Разочарованные, Жиль и Альбан решили зайти за пирожными в кондитерскую «Charlotte Corday». Братья ждали своей очереди, когда за их спинами раздался радостный голос:
— О, эти обжоры уже тут!
Давид со своим зятем Жан-Полем только что вошли и встали в очередь.
— Раз вы оба здесь, почему бы вам не поговорить? — предложил Давид Альбану.
Обрадованный неожиданной встречей, Жан-Поль увлек Альбана на улицу.
— Пытаюсь уговорить твоего братца поучаствовать в конкурсе на должность директора аэропорта в Сен-Гатьен-де-Буа, — объяснил Давид.
— Правда? — удивился Жиль. — Он и словом об этом не обмолвился, представляешь?
— Ты же его знаешь…
Они одновременно посмотрели в сторону улицы.
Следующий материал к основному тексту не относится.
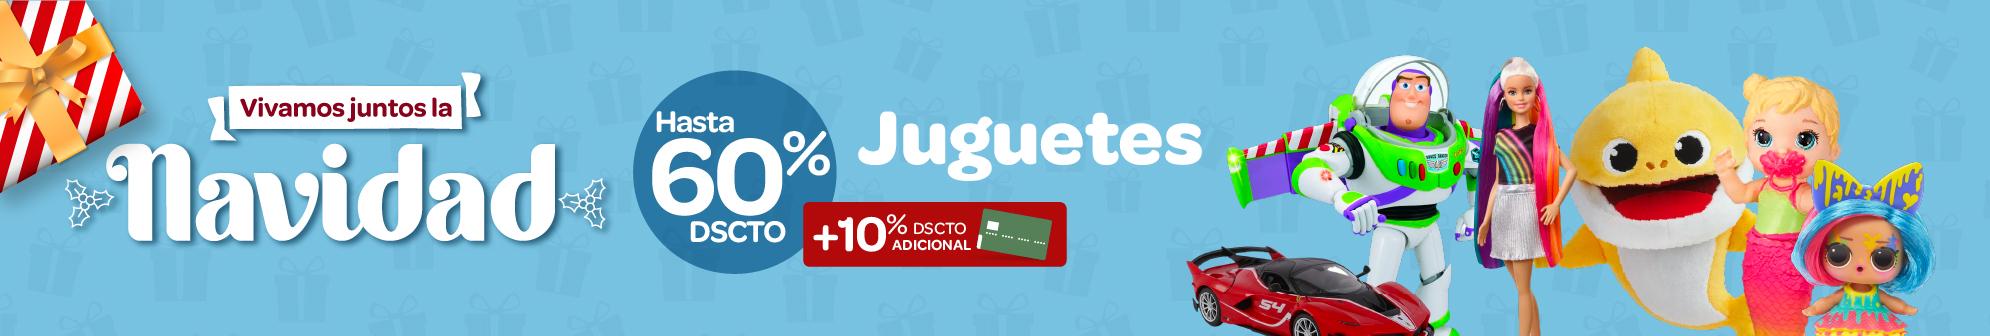 Banner Juguetes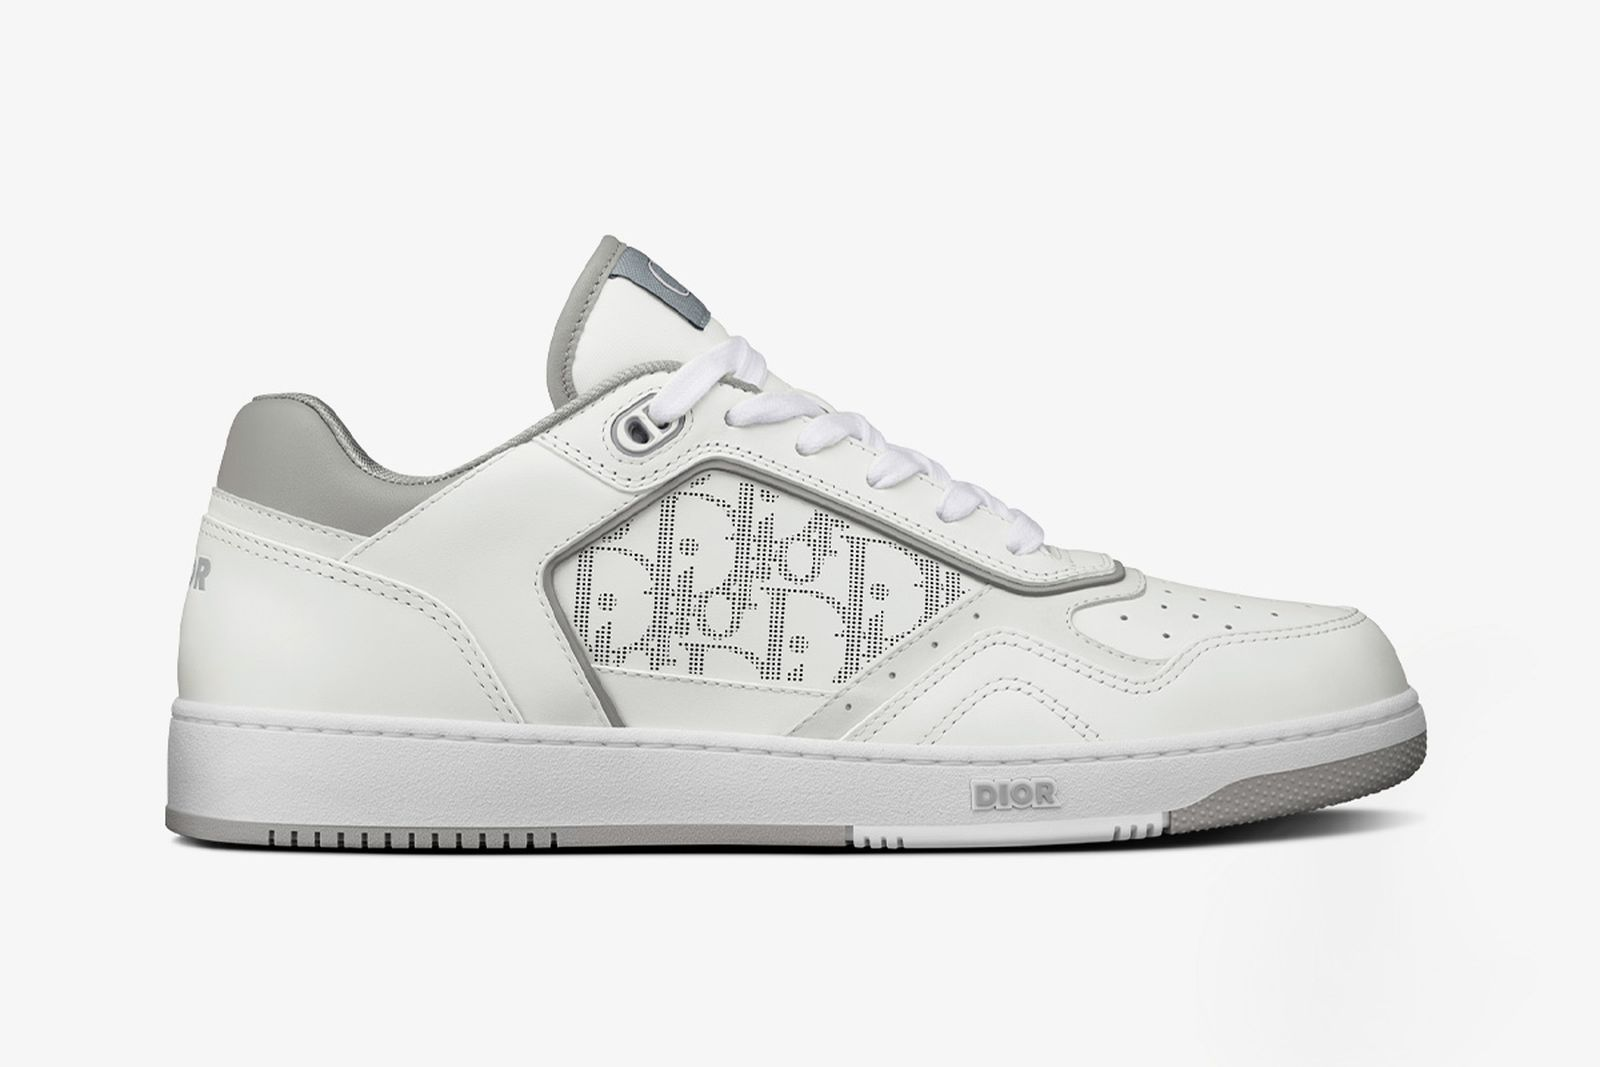 dior-b27-sneaker-release-date-price-04

Там, у витрины магазина, Жан-Поль и Альбан о чем-то оживленно беседовали.
— Это идеальное место для моего брата, — подумав, сказал Жиль.
— Если он согласится. Числиться в наземном составе для него — нож в сердце.
— По-моему, у него нет выбора.
— Вот и убеди его в этом. Альбан говорит, ему нужно время, чтобы все обдумать. Но мне кажется, что он просто отказывается смотреть правде в лицо.